The Drawbacks of Programmatic Guaranteed
Higher Costs: Premium inventory and guaranteed delivery come at a premium price. CPMs are typically significantly higher than open auction rates.
Reduced Flexibility: Once you've committed to a deal, you're locked in. If campaign performance isn't meeting expectations, you can't easily pivot or reduce spend without renegotiating terms.
Volume Commitments: Many programmatic guaranteed deals require minimum impression or spend commitments, which can be challenging for smaller advertisers or those testing new strategies.
Limited Scale: You're restricted to the inventory available from specific publishers or within agreed-upon parameters, which may limit your ability to scale campaigns rapidly.
Making the Right Choice: Strategic Considerations
The reality is that most sophisticated advertisers don't choose between programmatic guaranteed and open auctions; they use both strategically. Recent industry research indicates that successful programmatic strategies typically incorporate all three approaches (including private marketplaces).
Choose Open Auctions When:
- You're launching a new campaign and need to test audiences and placements quickly and cost-effectively
- Performance marketing and direct response are your primary objectives, where cost per acquisition matters more than brand context
- You require significant scale and reach across diverse inventory sources
- Budget flexibility is important, and you need the ability to adjust spend dynamically
- You're comfortable implementing robust brand safety tools and monitoring placements actively
Choose Programmatic Guaranteed When:
- Brand safety and premium context are non-negotiable priorities
- You're running a major brand campaign where association with quality publishers matters
- Budget predictability is crucial for financial planning
- You need guaranteed delivery for time-sensitive campaigns or specific events
- You're advertising in competitive categories where premium inventory sells out quickly
- You require specific audience guarantees or demographic targeting that's hard to achieve at scale through open auctions
The Hybrid Approach
Many successful campaigns employ a blended strategy. Use programmatic guaranteed for your core brand-building initiatives and premium placements, whilst leveraging open auctions for performance-driven tactics, retargeting, and audience expansion. This approach allows you to balance brand integrity with cost efficiency and scale.
Consider allocating 60-70% of your budget to programmatic guaranteed for premium environments and brand-suitable contexts, whilst reserving 30-40% for open auction buys that focus on performance and reach objectives. Adjust these ratios based on your specific business goals, category dynamics, and risk tolerance.
The Future Landscape
The programmatic ecosystem continues to evolve rapidly.
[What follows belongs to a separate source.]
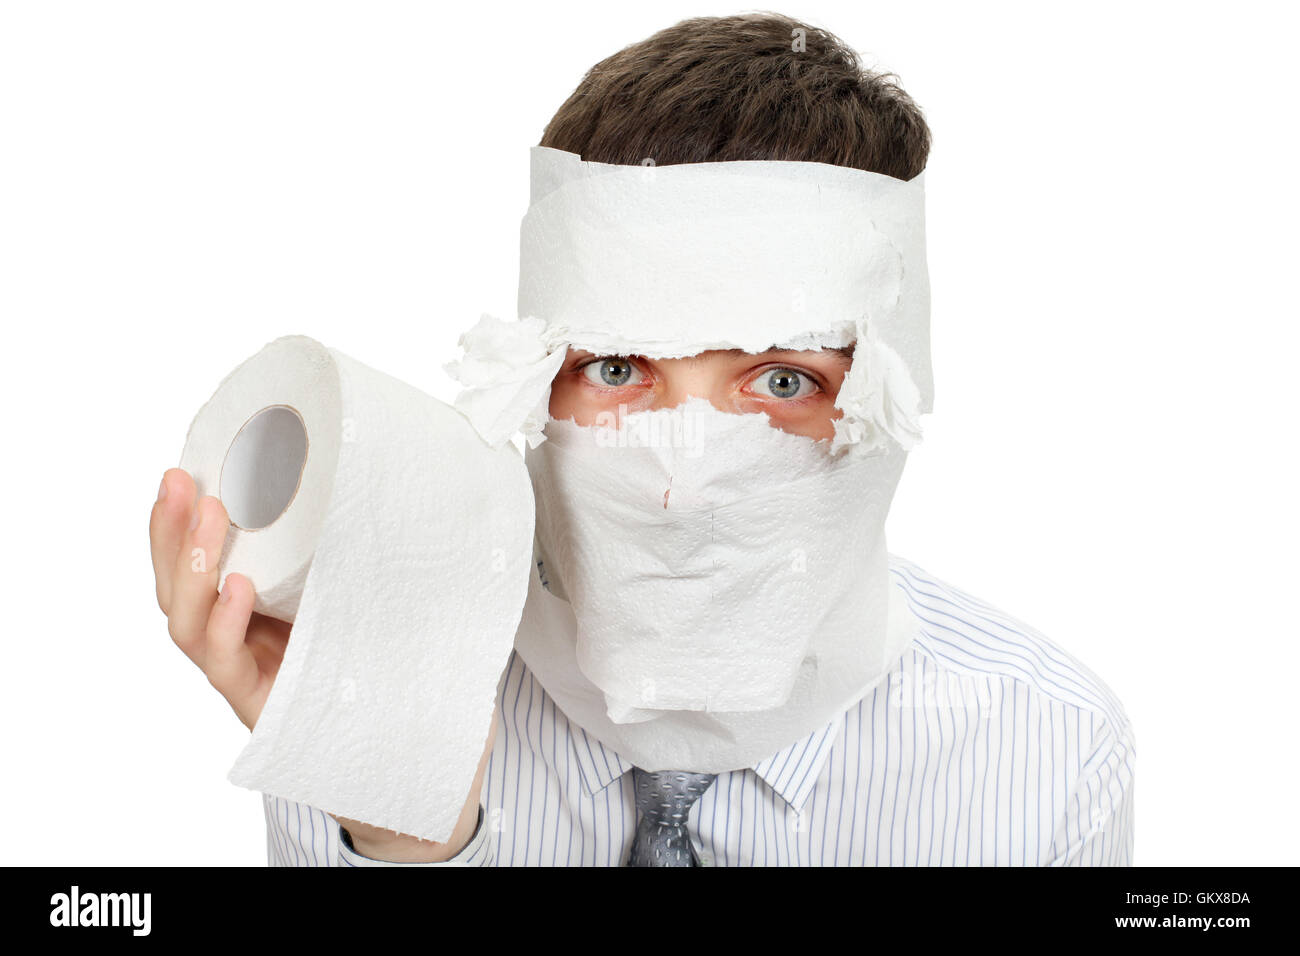 Man With Toilet Paper Stock Photo

With the programmatic advertising spending market forecast to increase by $892.7 billion from 2024 to 2029, expanding at a CAGR of 38.1% during the forecast period, the stakes have never been higher for getting your strategy right.
The shift towards quality over quantity is unmistakable. Advertisers are increasingly prioritising transparency, brand safety, and meaningful engagement over pure reach and low CPMs. This trend favours programmatic guaranteed and curated marketplaces, but open auctions remain essential for achieving the scale required in modern digital marketing.
Ultimately, the right choice depends on your specific objectives, budget constraints, brand positioning, and risk appetite. Understanding the strengths and limitations of each approach enables you to craft a programmatic strategy that delivers both short-term performance and long-term brand value.
The most successful advertisers don't ask "which is better?" but rather "how can I use each approach to achieve different objectives within my overall strategy?" By taking this nuanced, strategic view, you'll be well-positioned to navigate the complex programmatic landscape and maximise your advertising investment.